Accompanying drawing explanation
Fig. 1 is the inventive method flow chart;
Fig. 2 is accidental resonance process chart;
Fig. 3 is empirical mode decomposition flow chart;
Fig. 4 is crackle and the foil gauge location drawing;
Fig. 5 is 4500rpm strain data spectrogram;
Fig. 6 is pressure fluctuation signal time domain and frequency domain figure;
Fig. 7 is the EMD exploded view to envelope signal;
Fig. 8 is the first rank IMF and spectrogram thereof;
Fig. 9 is rear time-domain diagram after accidental resonance;
Figure 10 is frequency domain figure after accidental resonance;
Figure 11 is frequency domain enlarged drawing after accidental resonance;
In figure, mark point is characterized frequency and frequency multiplication thereof.
Detailed description of the invention
Below in conjunction with the accompanying drawings and embodiment the present invention is described in further detail.

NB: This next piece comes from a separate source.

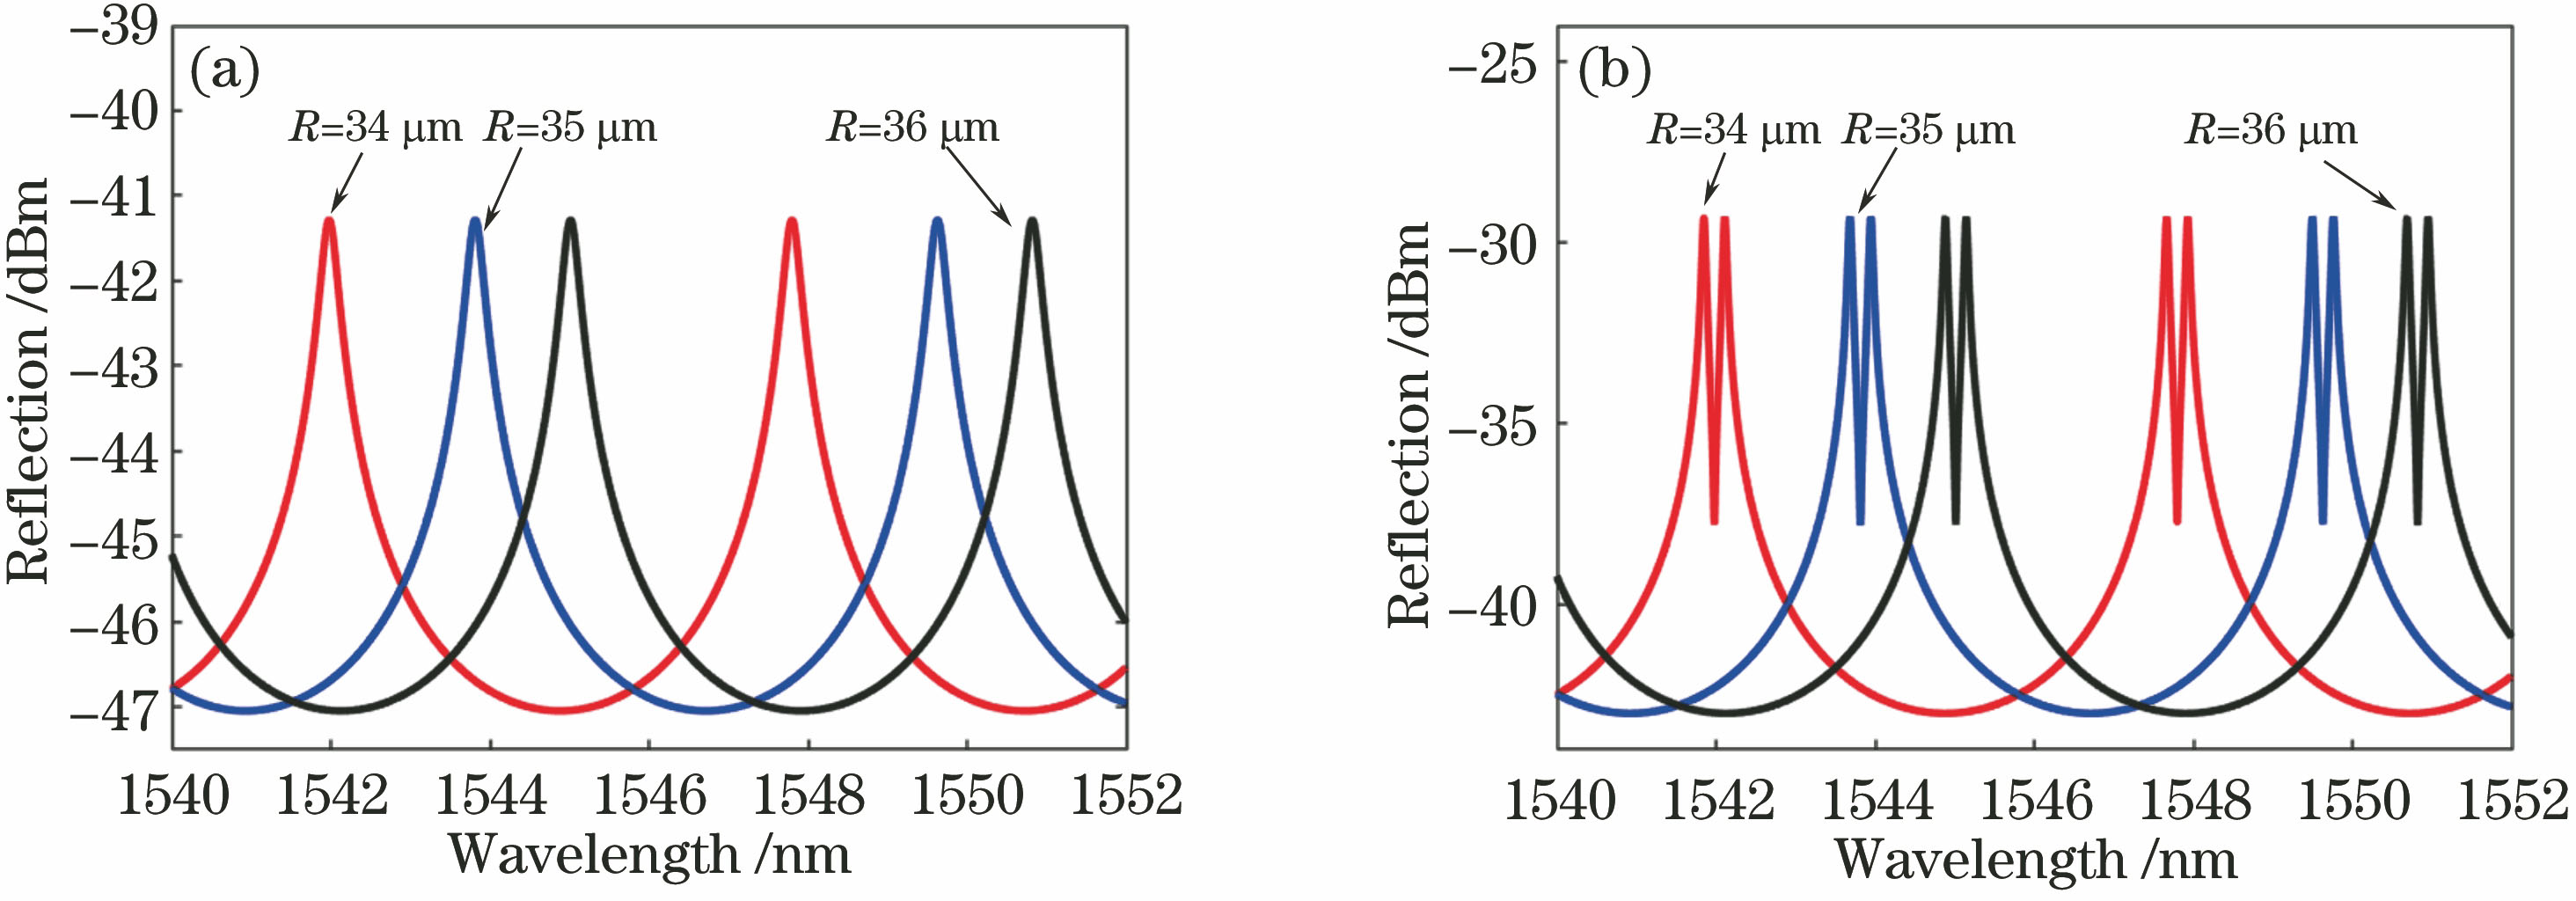 Simulated reflectance spectra of single microsphere coupled resonator and double microsphere coupled resonators. (a) Single microsphere coupled resonator; (b) double microsphere coupled resonators

The present invention is embodied as route such as shown in Fig. 1, and it specifically comprises the following steps that
(1) building centrifugal compressor pressure fluctuation signal data acquisition platform, this platform features is:
(1) there is the data collection and analysis instrument of multiple input path and data processing function;
(2) by data collection and analysis instrument real-time acquisition and display centrifugal compressor pressure fluctuation signal.
What the present invention was studied is industrial centrifugal compressor, to centrifugal compressor diffuser entrance and outlet
Pressure fluctuation signal data are acquired, and then data are carried out data process, it was demonstrated that diffuser inlet and the pressure of outlet
Blade cracks can effectively be reflected by microseismic data.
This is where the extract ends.